This all devolves into a farcical feedback loop. More people driving means that more transportation improvements are needed. There is a greater need to channel cars, to control the flow, to improve the capacity of the transportation system. The more the public realm is given over to cars, the more people must drive. The more people that drive, the more cars on the road. Etc. Etc. Etc. Nobody realizes that we're not actually adding cars. We're all just making more trips.

The whole article is worth a read, and if you like livable cities, will make you sad. There is hope, though: many cities—Chicago, for example—have avoided or reversed the spiral.

"A 2×2 Grid to Understanding Some of the Ideological Concerns of Privatization, Especially as it Pertains to Parking"

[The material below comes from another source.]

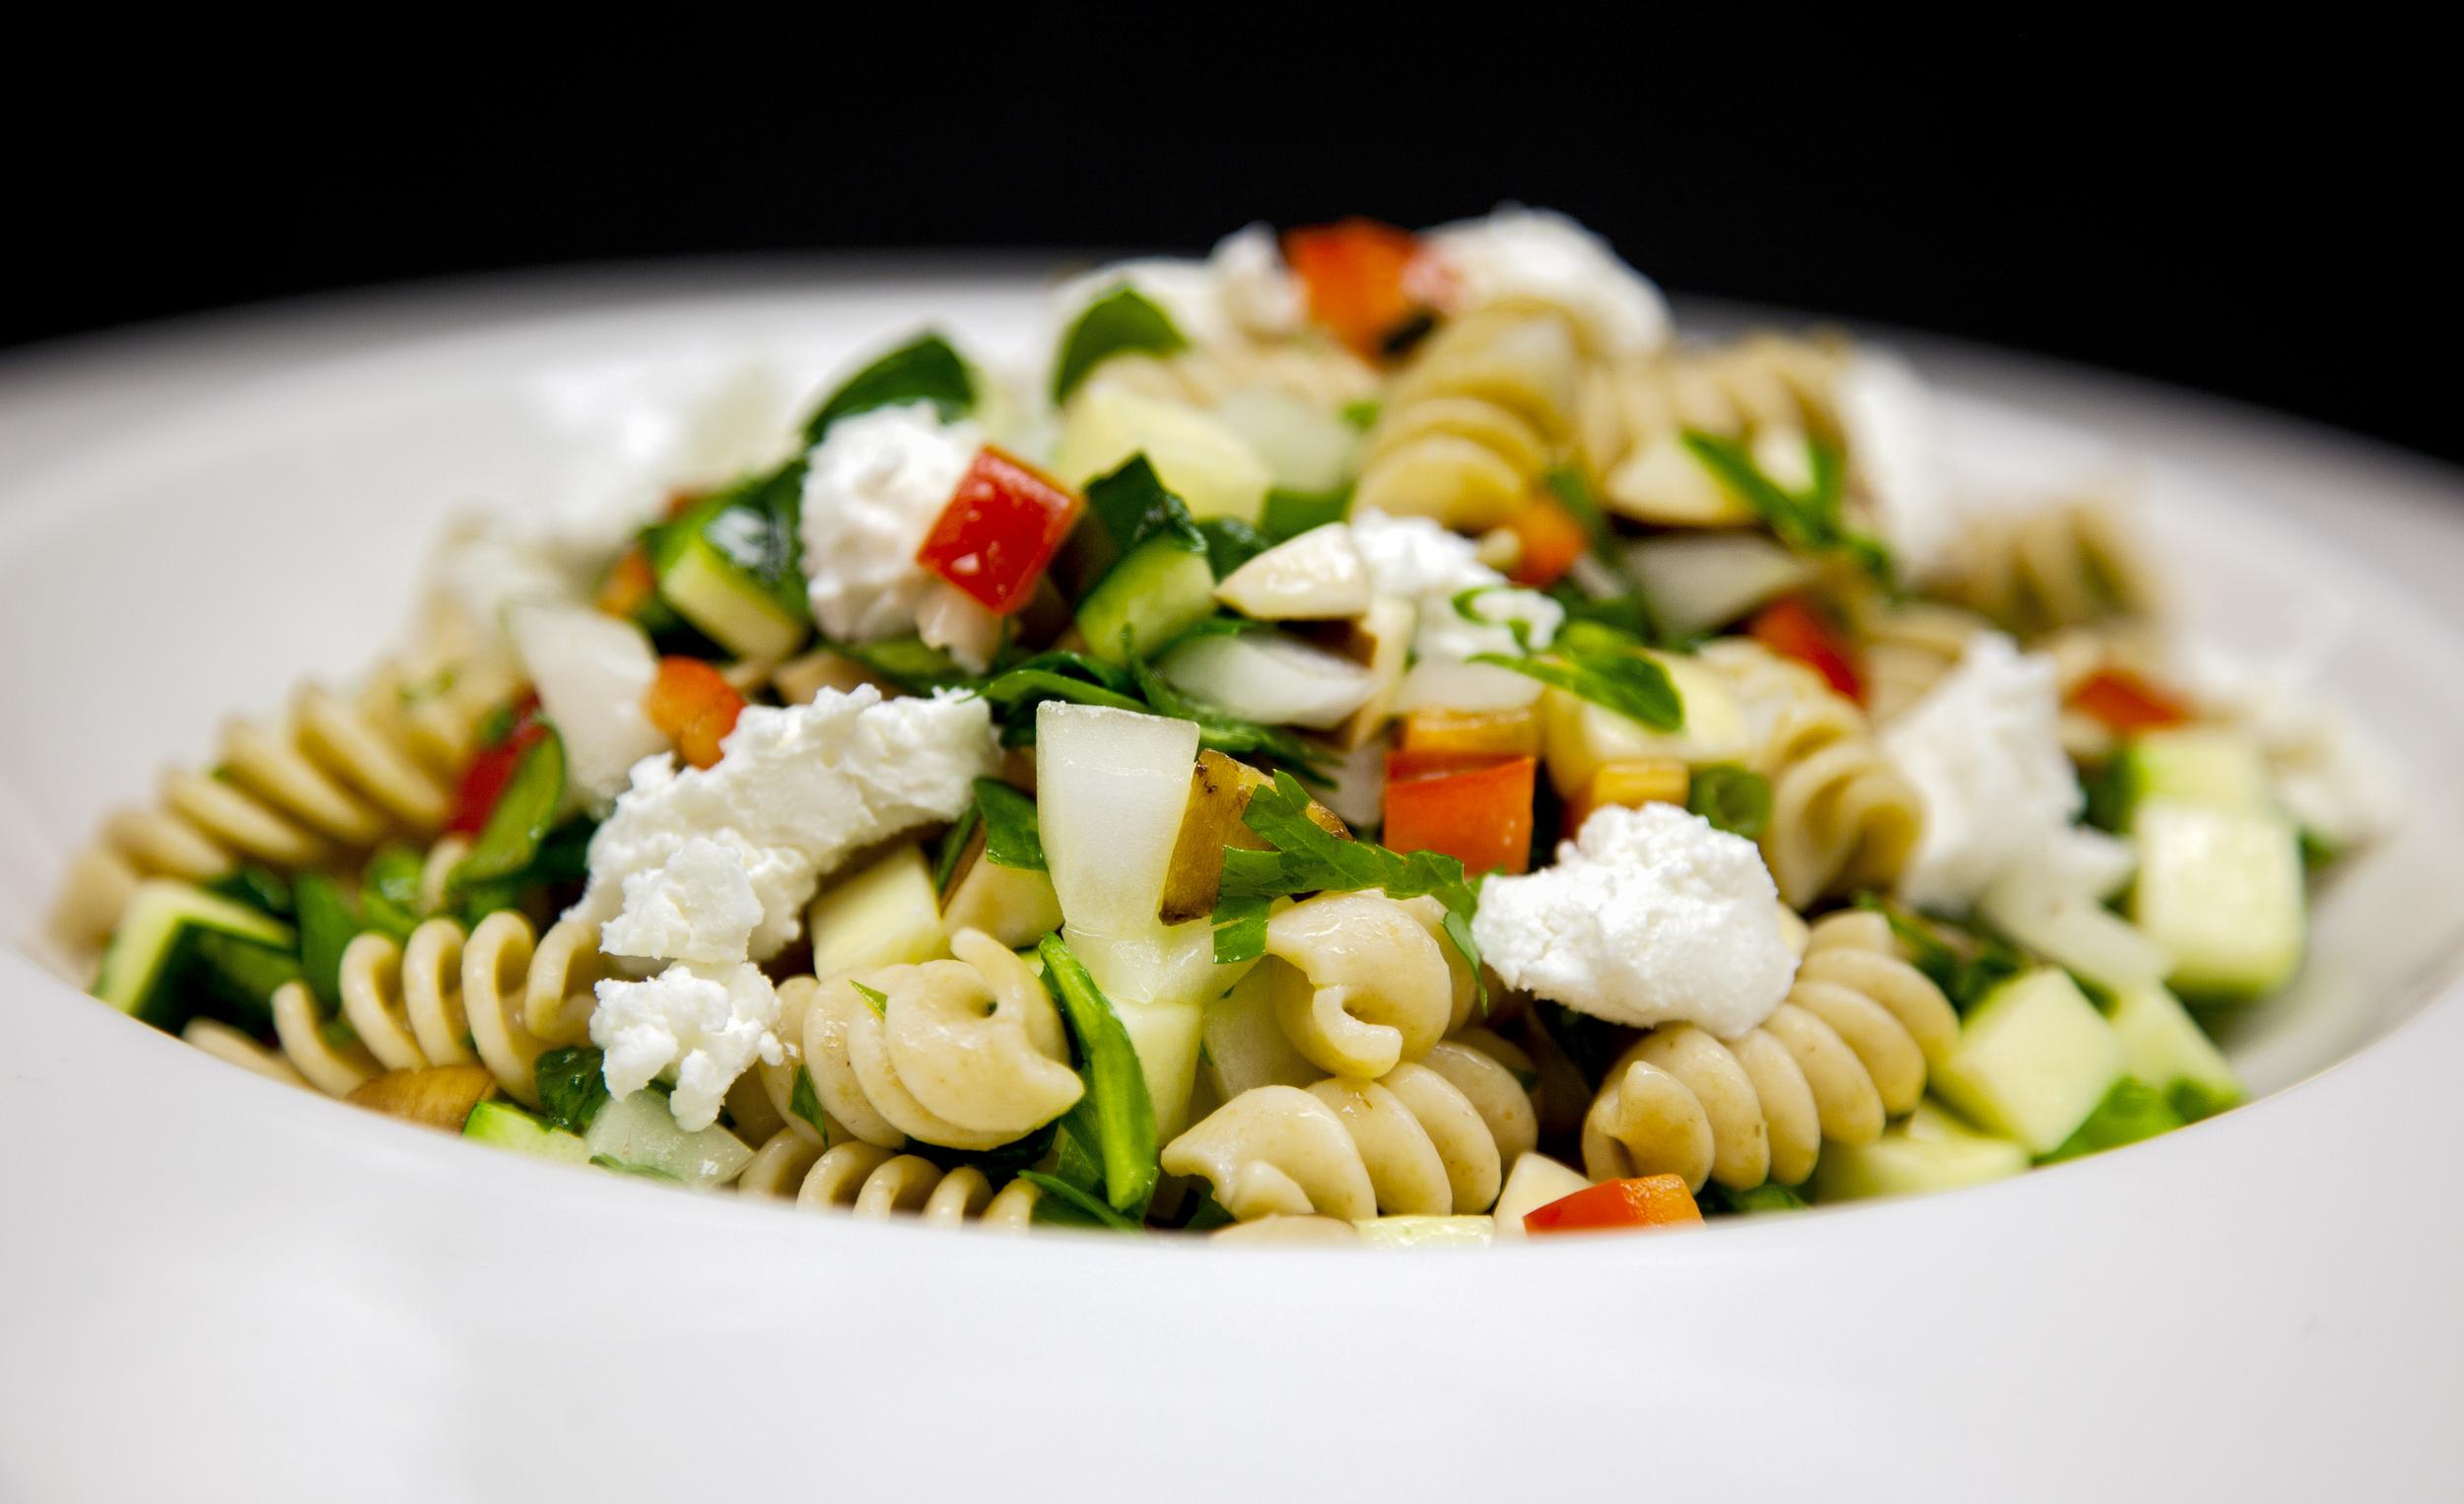 Pasta and Feta Salad
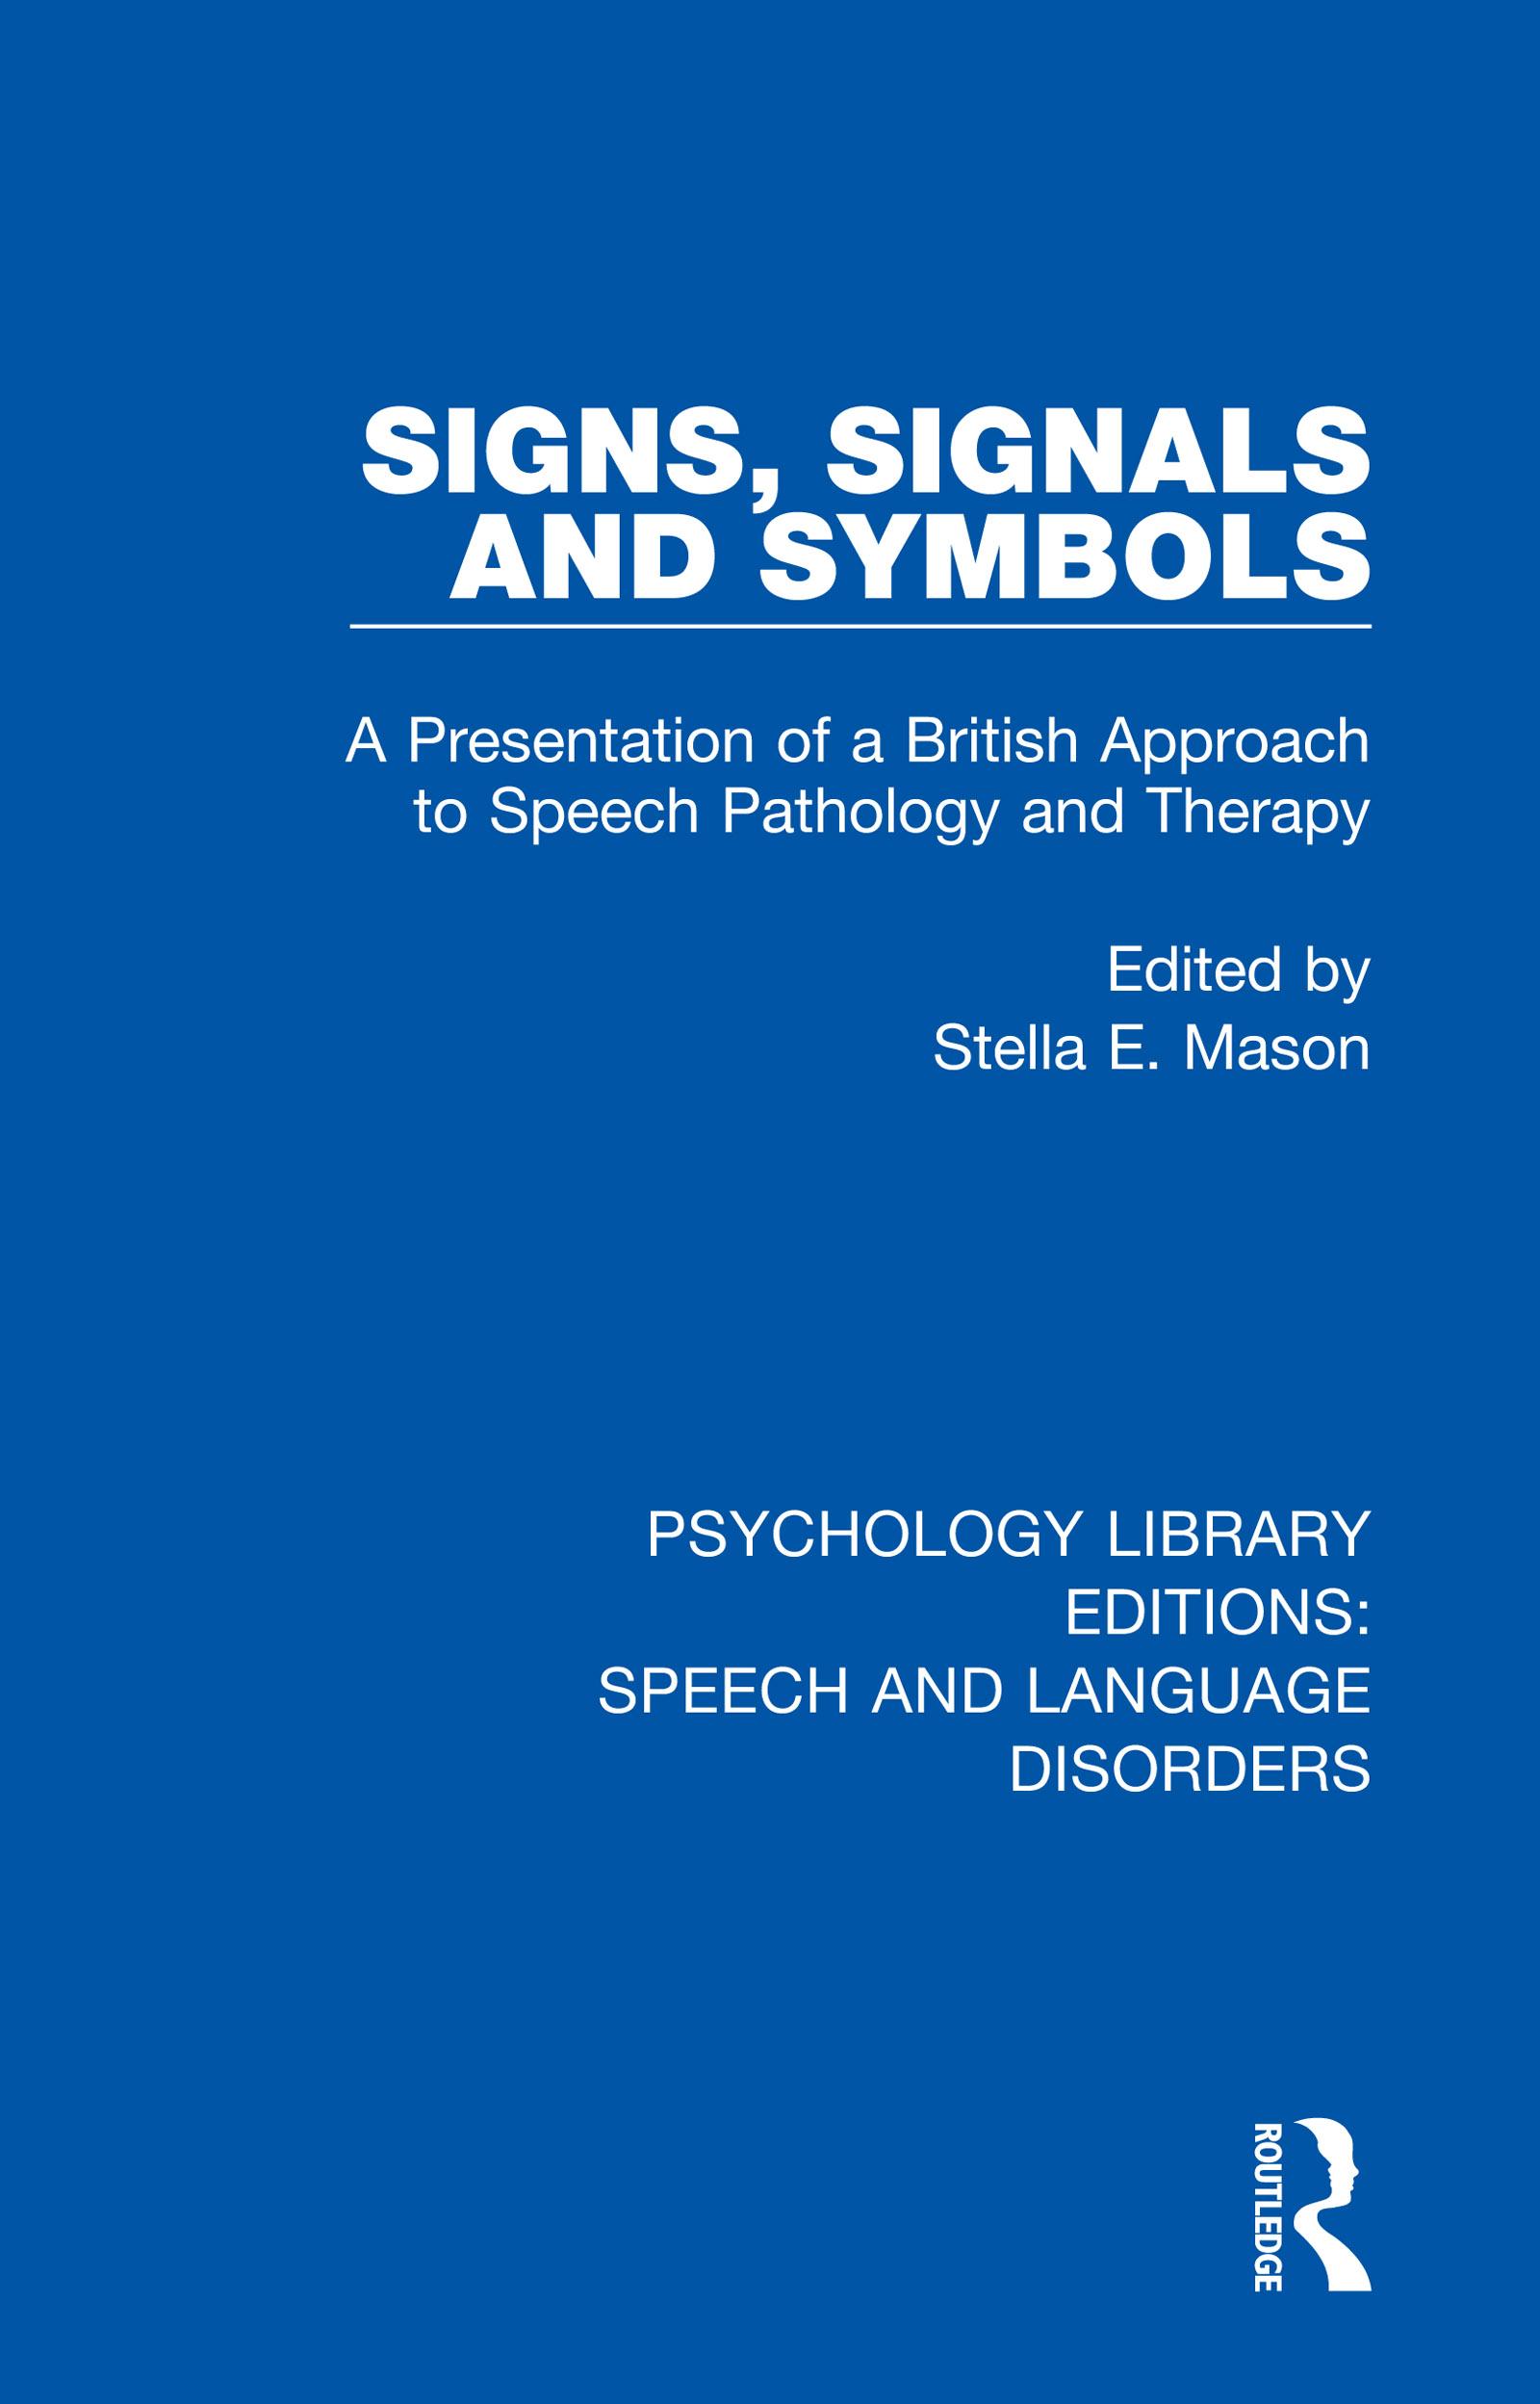 Signs, Signals and Symbols

Via Sullivan, writer Mike Konczal reviews economist Donald Schoup's book about parking pricing with a clear enunciation of good and bad parking schemes:

We now have two ways to distinguish changes in the provisioning of government services. On one axis, there’s who controls the provisoning and the residual – is it in public hands or private hands? On the second axis there’s how much competition and market reforms are driving the reform versus how much there’s monopolies and single firms dictating the allocation and the real reform comes through private ownership itself. Graphing these for the parking debate:

[P]eople react strongly against privatization without market competition, and there’s three good reasons why they should. There’s the matter of who ultimately controls the residual, so if there are rents captured they go to private agents as opposed to the public. If monopolists provide too little of a good at too high a price, that surplus goes to private agents, instead of recycling to taxpayers. This has huge implications for whether the initial price tag is set right, for whether the government will get too little because of crony practices or because they are liquidity-constrained, and what mechanisms are in place for reevaluating the deal at points in the future. Chances are these will all be problems, as they were in Chicago.

And now the city has to pay Morgan Stanley for street fairs...it only gets better.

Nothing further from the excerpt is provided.